Verifying You’re Actually Cited

  • Google side: run GSC URL Inspection on top wiki pages; confirm indexed + snippet-eligible; check robots meta, nosnippet, and Google-Extended configuration so you aren’t blocking the surfaces you’re optimizing for.
  • Reuse side: FLUQs’ discipline is publish, then monitor which fragments get picked up by RAG pipelines, AI Overviews, or agentic workflows; Citation Labs’ XOFU is the tracked reuse-measurement tool (early, not independently validated).
  • Agent side: curl your own llms.txt and point an agent at it — Agent Wikis’ benchmark shows “wiki first, web on gaps” routing scored 93%, above either source alone, which is the consumption pattern a published wiki plugs into.
  • Caveat worth holding: the meta-analysis summarized alongside Google’s guide scores llms.txt near the bottom of citation factors (2.0/10) while search rank scores near the top — so treat llms.txt as an agent-consumption affordance, and indexability + content quality as the actual citation levers.^[inferred reconciliation of two sourced claims]

Try It

  1. Pick 10 evergreen articles from your vault that contain something not already restated across the public web — apply the net-new-fact test, not a word count — and publish them as plain, crawlable pages with clear headings.
  2. Expose llms.txt and full-text Markdown alongside the HTML — the exact agent-native configuration Agent Wikis publishes for every wiki.
  3. Run the eligibility audit: GSC URL Inspection on each published page; fix anything not indexed or not snippet-eligible before touching content.
  4. Mine FLUQs from your own niche using the four identification questions (what’s not being asked; whose voice is missing; where do models hallucinate; what’s missing in currently-cited resources) and write one wiki article per FLUQ, formatted as a causal triplet plus checklist.
  5. Sort context vs connections at every ingest so private client/operational data never drifts toward the public set.
  6. Monitor monthly: prompt the major assistants with your niche’s bottom-funnel questions and track whether your pages or fragments surface; add XOFU if you want fragment-level reuse measurement.

Open Questions

  • No source directly measures whether published karpathy-pattern wikis get cited by AI Overviews, ChatGPT, or Perplexity.
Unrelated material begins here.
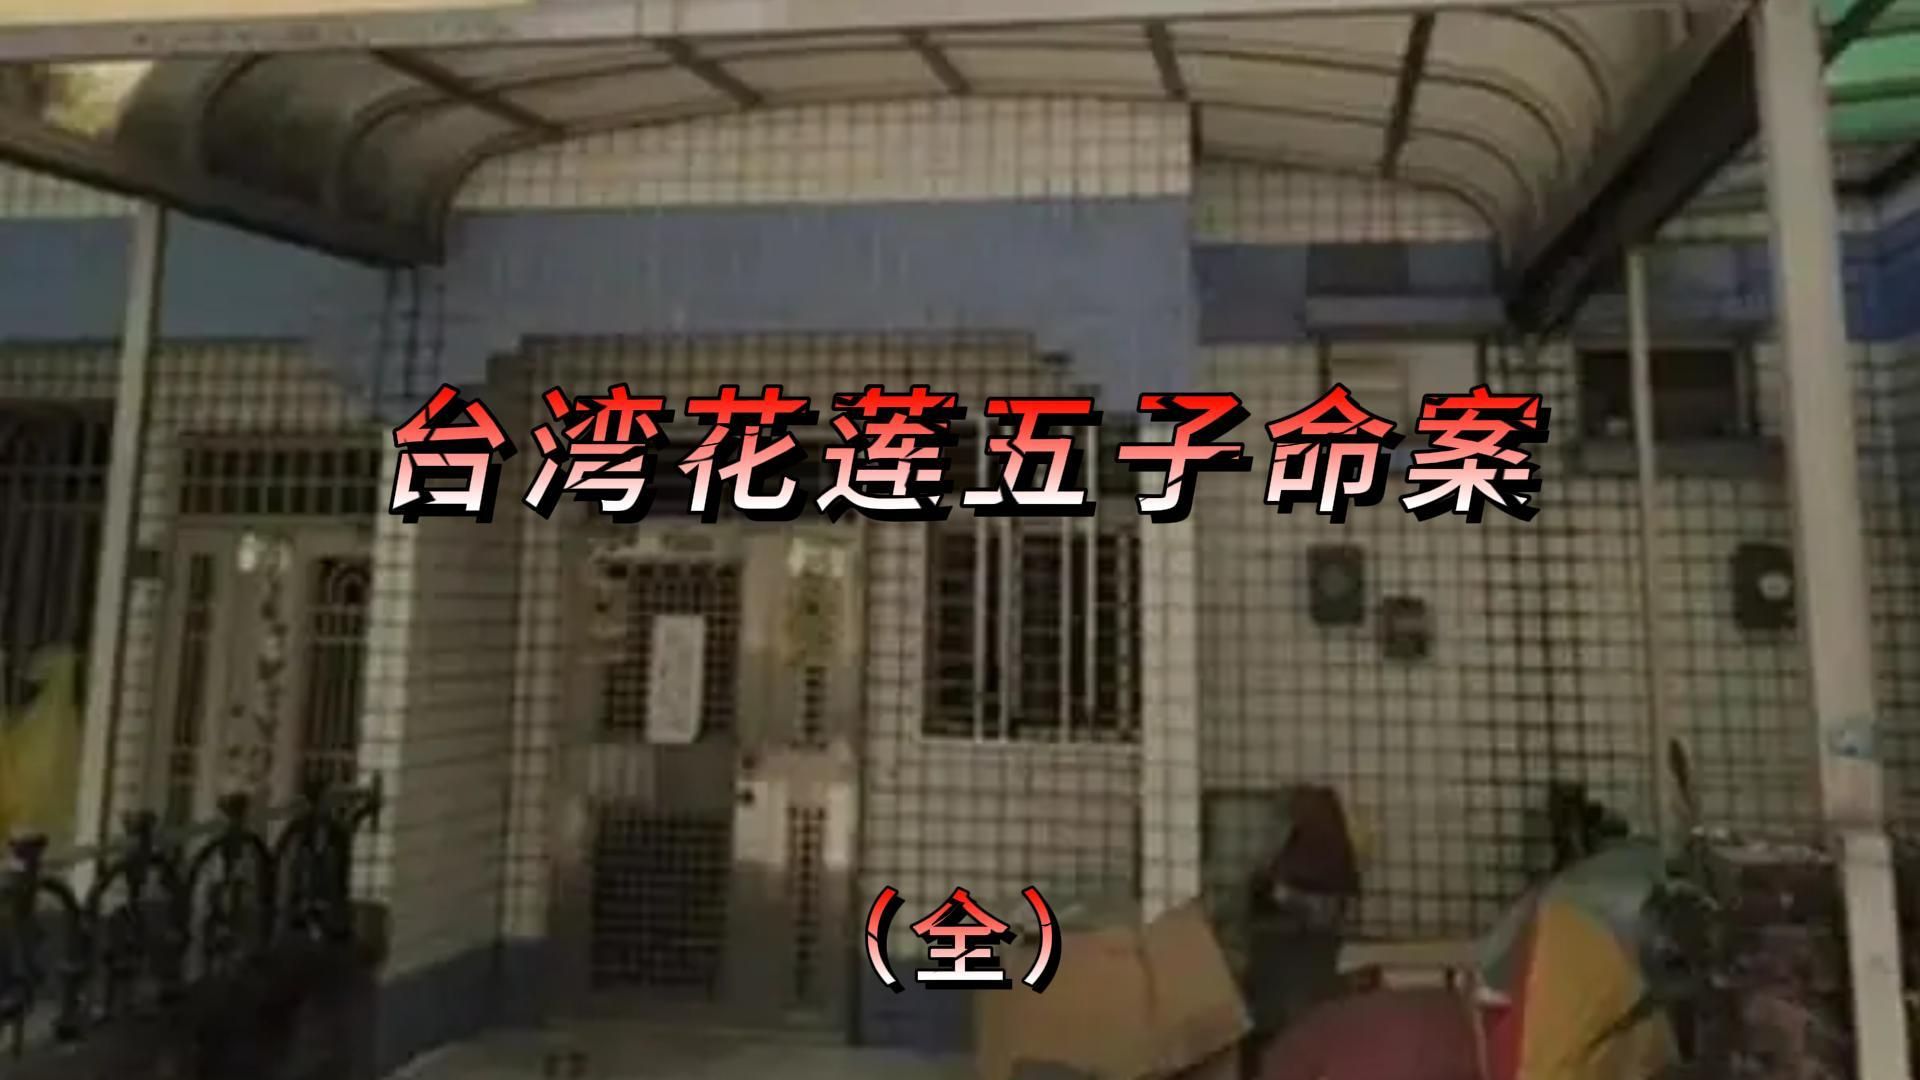 2006年台湾花莲五子灭门血案!五个孩子被残忍杀害!

The Agent Wikis eval measures agent-RAG accuracy over a wiki; the citation claim composes that with Google’s and FLUQs’ guidance but remains a projection until someone instruments it.^[inferred]
  • Attribution economics are unresolved. Google offers no attribution guarantee for grounding AI Mode in your facts; whether wiki publishing wins traffic, zero-click influence, or nothing measurable is an open empirical question the FLUQs sources themselves flag.
  • Freshness expectations of AI crawlers vs. a personal vault’s ingest cadence — the Hermes flagship case updates on a 3–5 day product cycle; whether a slower-moving personal or agency wiki clears the freshness bar AI surfaces reward is untested in these sources.